Bearing Down on the End of the Quarter

The markets are opening up this morning on benign macro data and after a quiet weekend across the globe. Personal income for May came in just below consensus at 0.3% vs. expectations of 0.4%. Personal spending for May came in flat vs. expectations of a 0.1% increase. April’s personal income and personal spending were both revised down from 0.4% to 0.3%. Higher inflation in the form of the PCE Core pulled real spending growth into negative territory, with real personal spending declining 0.1% for the second straight month, the first time we have experienced that since March-April 2009.

The treasury market is preparing for the first auctions without QE2 next month. Today four-week treasury bills traded negative for the first time since January 2010, which compares to an average of 1.8% over the past decade. A negative rate effectively means investors are willing to pay the government to hold their money. An increase in demand near the end of the quarter is not unusual as banks typically spruce up their balance sheets to meet quarter-end reporting requirements.

There have been a number of estimates recently estimating the size of the Fed’s continuing demand for treasuries generated by its balance sheet, which is now $2.9 trillion. There appears to be roughly $300 million of maturities and interest coming from the portfolio, which should generate $25 billion per month in demand. About $110 billion of treasuries will mature in the next 12 months while approximately $10-12 billion of mortgage-backed debt and Freddie/Fannie debentures will also mature each month.

Gasoline prices have fallen along with declining oil prices. The average price in the US declined by $.11 last week to $3.69 per gallon. California is still closer to $4.00 gallon due to special blend requirements and higher taxes per gallon.

The auto industry is now starting to understand the risks of accepting all that government assistance during the financial crisis. The Obama Administration announced this morning that they want to push average fleet fuel efficiency to 56 miles per gallon by 2025. Auto makers are balking, saying it will add at least $3000 to the cost of an auto. It would appear that would also be a recipe for higher traffic fatalities as cars must get lighter and smaller to achieve those goals.

A positive data point for the employment market showed up in the Treasury Department’s tax withholding data. After turning negative at the end of May, the index rose by 1.9% as of last Wednesday.
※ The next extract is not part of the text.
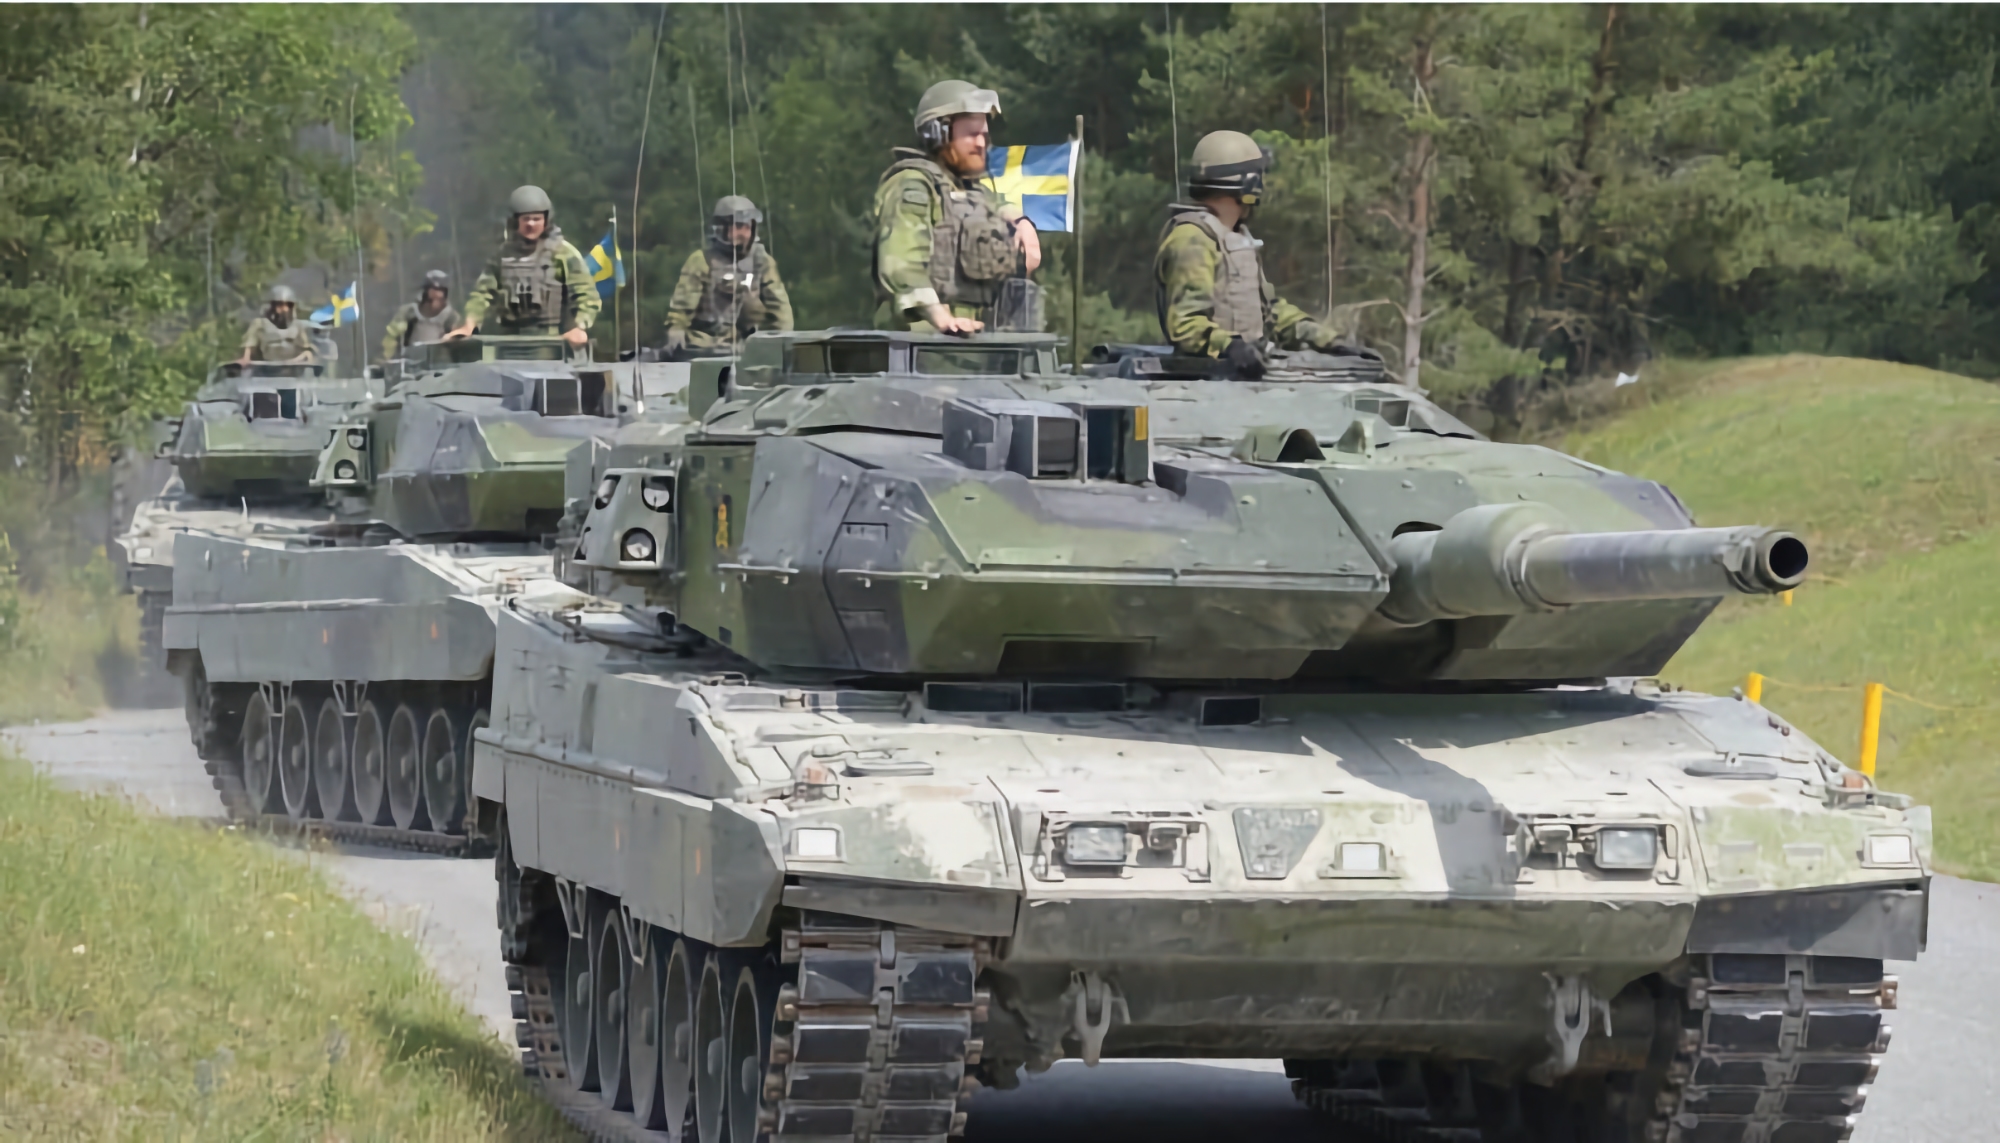 Sverige har overført 10 Stridsvagn 122-kampvogne til Ukraine, en moderniseret version af den tyske Leopard 2A5-kampvogn.

This data measures the year over year changes in withholdings, and tend to track well with initial jobless claims.

Stanley Black & Decker agreed to buy Niscayah for a 47% premium, or $1.2 billion. Bloomberg is reporting that acquisitions of US based targets grew by 35% to almost $500 billion YTD, up from #360 billion in 2010.

Cars 2 opened with a box office take of over $60 million this past weekend, making it the 12th Pixar movie to open #1.